Effective cloud management can be accomplished partly through people and processes, and partly through technology. It’s really a three-part solution. Your organization needs a governance body to deal with cloud issues (this can be your existing governance board, if you like) and processes to work with the business around these issues.
This board should have oversight and collaborate with the business (it should include business members as well) around cloud issues that directly impact your organization. It can also develop best practices for managing cloud environments.
The cloud needs governance bodies that deal with standardization of services and other shared infrastructure issues. Your organization needs some sort of interface to this group. Your level of involvement depends on your level of involvement in the cloud. Your organization needs technology that helps you automatically monitor what happens in the cloud.
Establishing your cloud computing governance body
You need your own group of people who understand your business to deal with the business of the cloud. This governance board might consist of representatives of corporate, departmental, and IT management to help encourage communication — the kind necessary to link IT management and the business. This board may also create other groups responsible for different aspects of governance. For example, it might create a group that needs to understand cloud standards, or it may leverage an IT security group.
Of course, an important part of this governance structure will be a group of individuals who actually deal with the cloud providers to negotiate terms and conditions and to be the point group(s) for managing the cloud provider(s).
This governing body should be ongoing, with authority across the enterprise and with a mechanism for communicating business objectives and changes to IT management. Ideally, it will have executive-level endorsement to make its job easier.
Monitoring and measuring IT service performance in a cloud computing environment
In addition to interacting with your cloud provider(s), you must also monitor what these cloud providers are doing. Depending on the situation, this may mean investing in technology that sees into cloud operations.
Many companies use a dashboard, which is an interface that holds the different services and shows how your performance measures up to your goals. This dashboard also needs to include information from the cloud. Quite a few emerging vendors provide tools that enable companies to monitor their cloud providers.
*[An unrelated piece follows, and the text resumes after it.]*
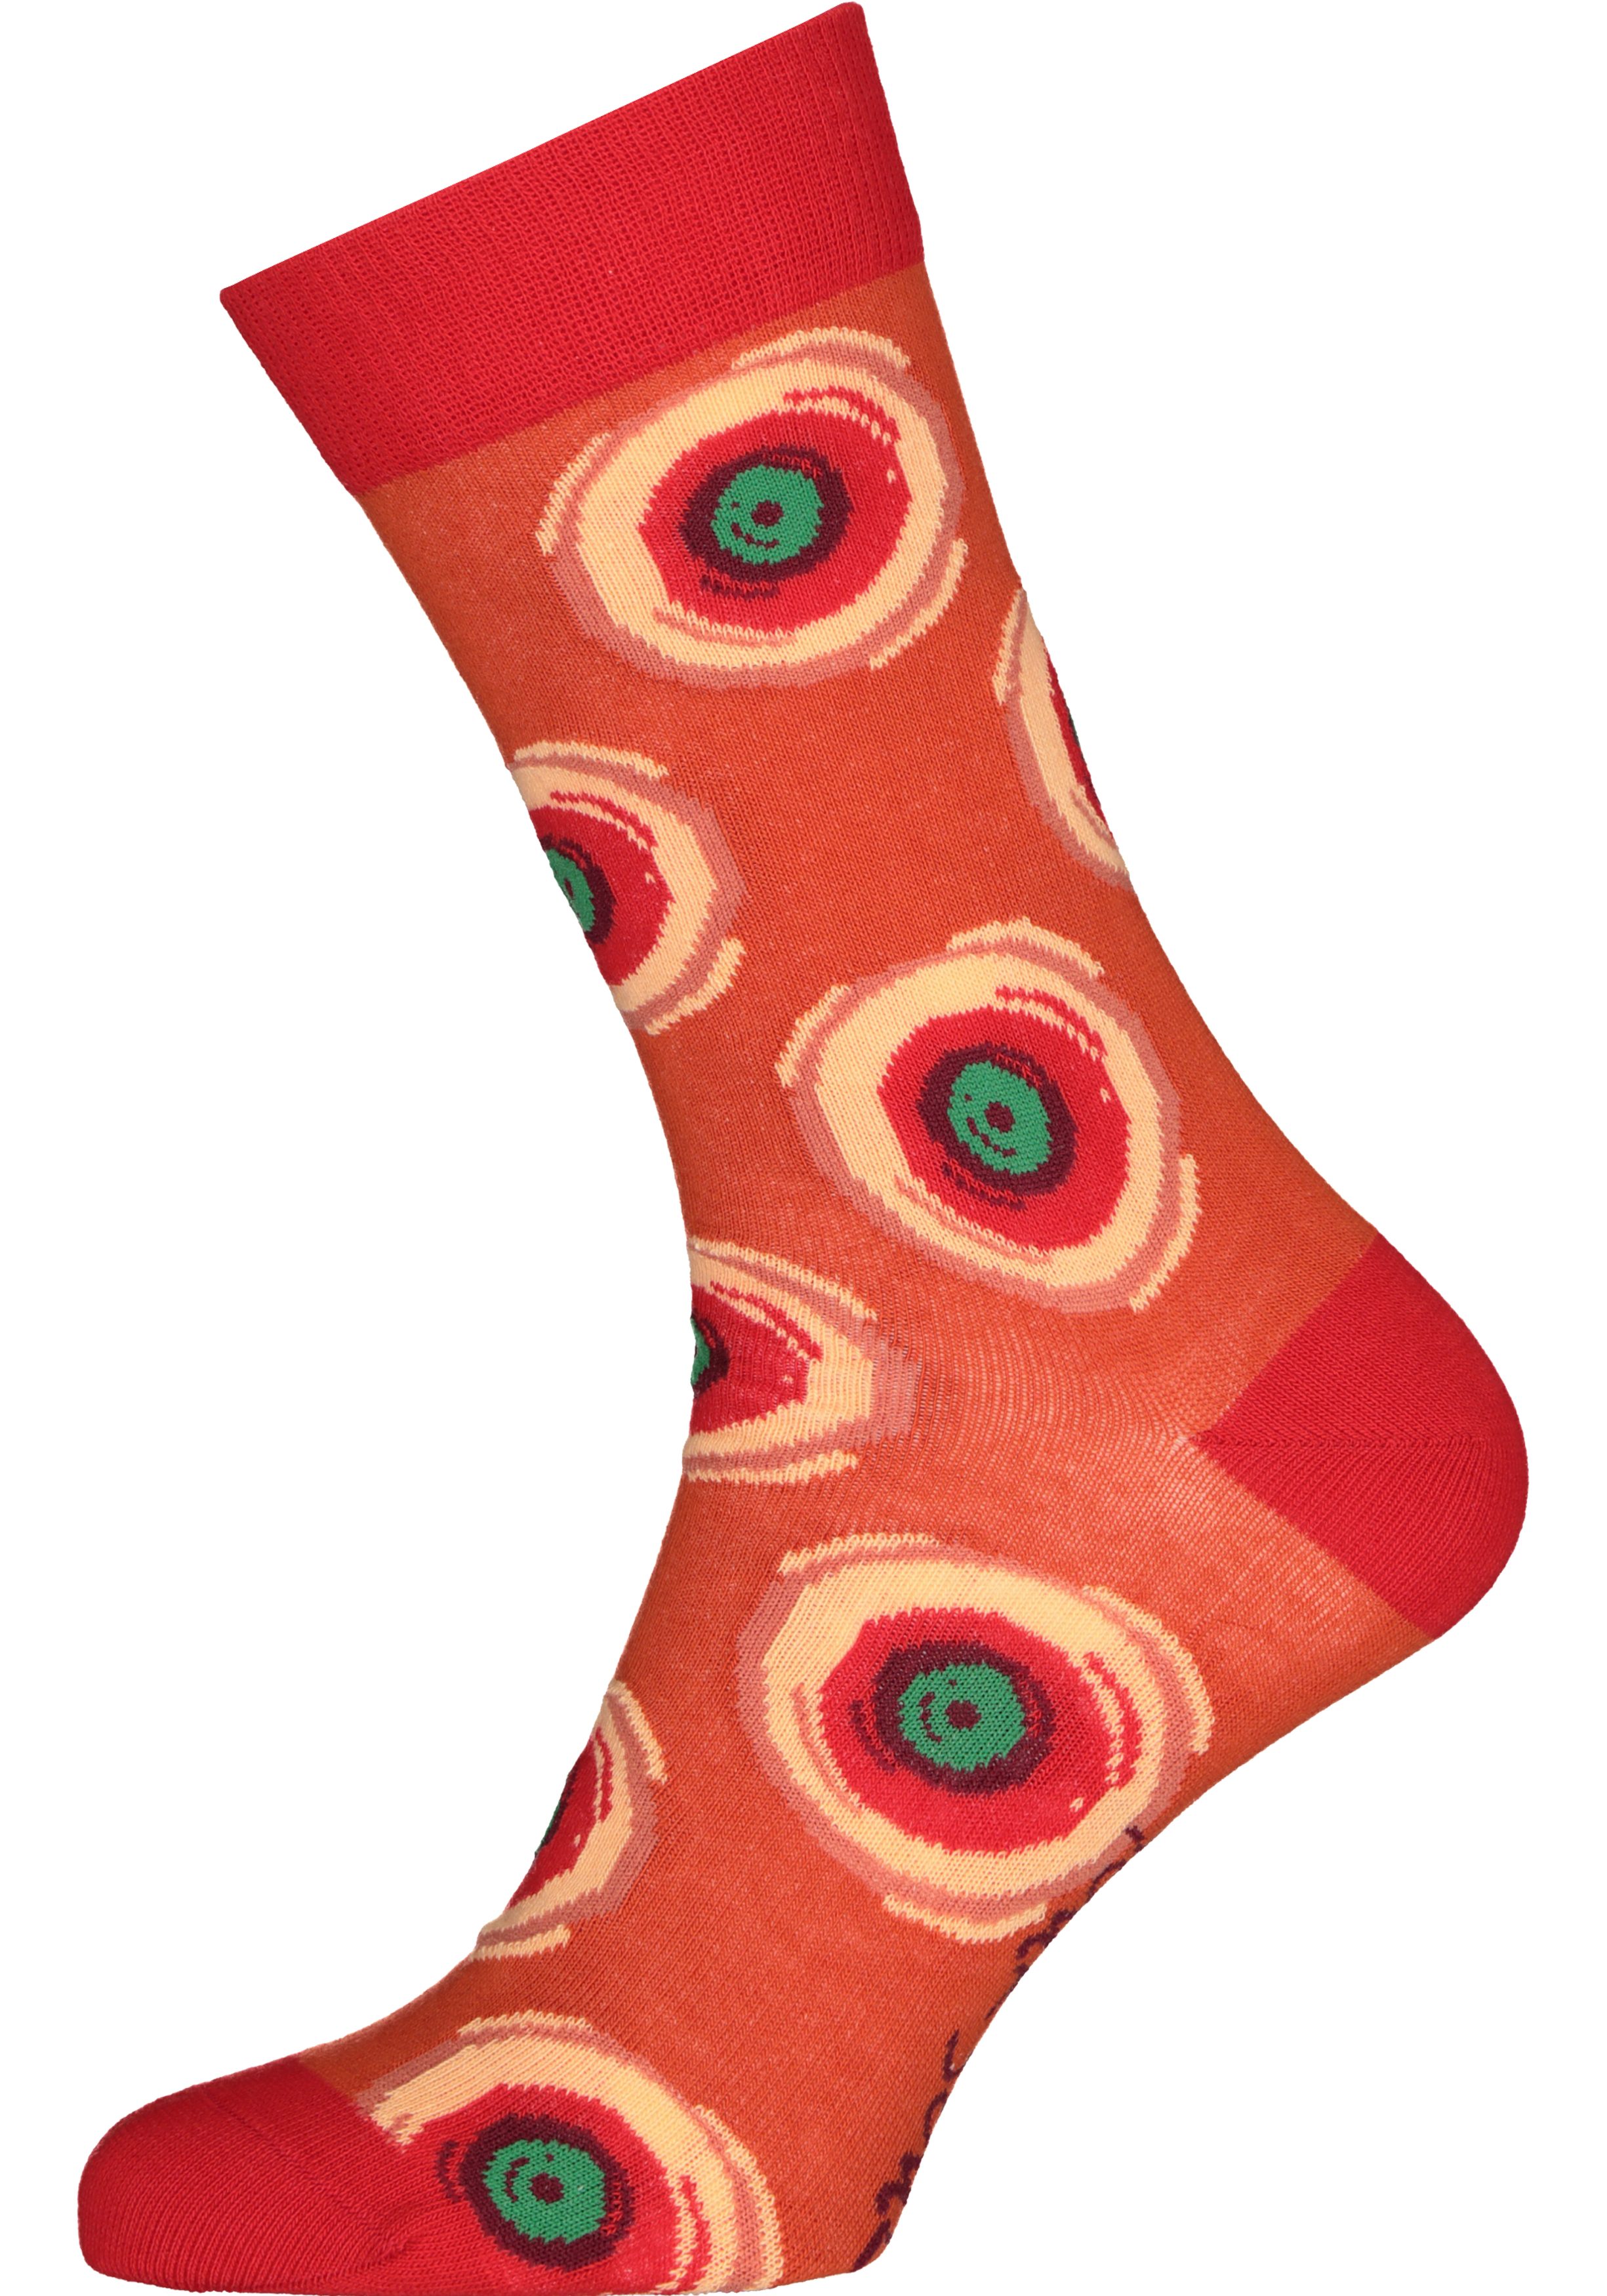 Spiri Socks The All Seeing Eye, unisex sokken, oranje, groen en rood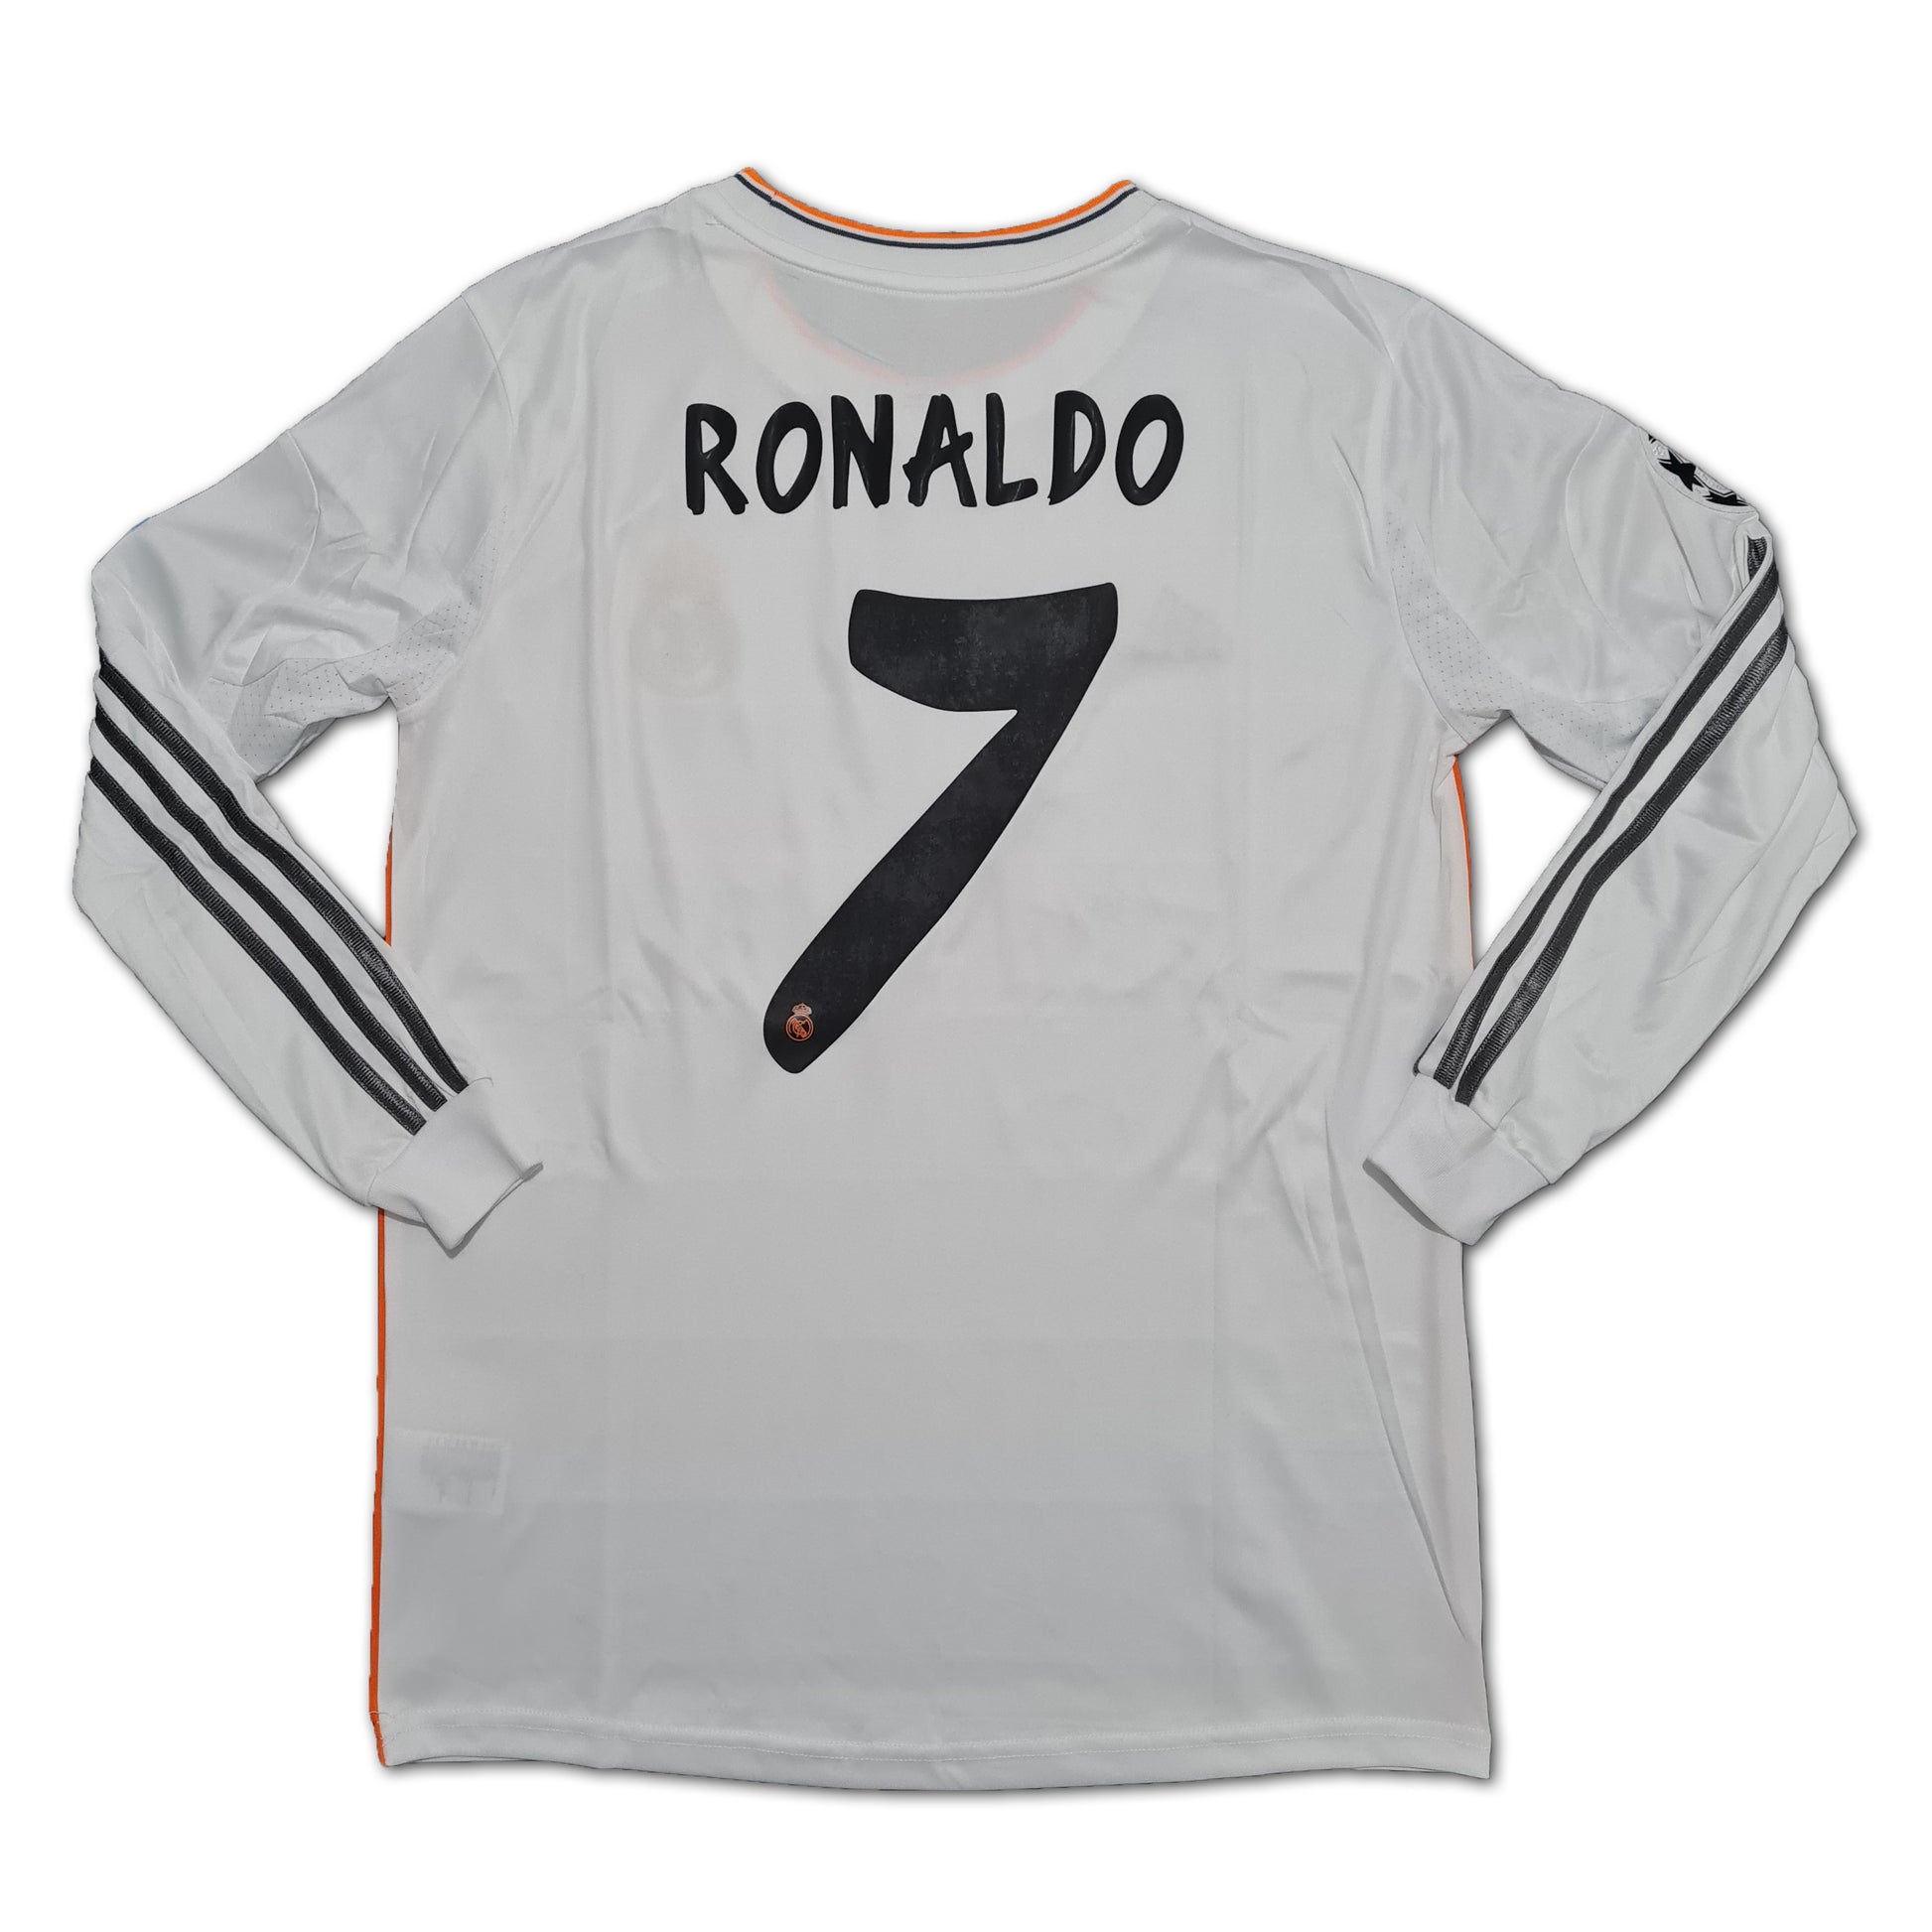 Real Madrid Titular 2013/14 - Ronaldo - Thunder Internacional

Cataloging control and compliance data in cloud computing
Many organizations use a service catalog as a record of IT services. This should be extended to the cloud. The catalog can include information such as
Whom to contact about a service
Who has authority to change the service
Which critical applications are related to the service
Outages or other incidents related to the service
Information about the relationships among services
Documentation of all agreements between IT and the customer/service user.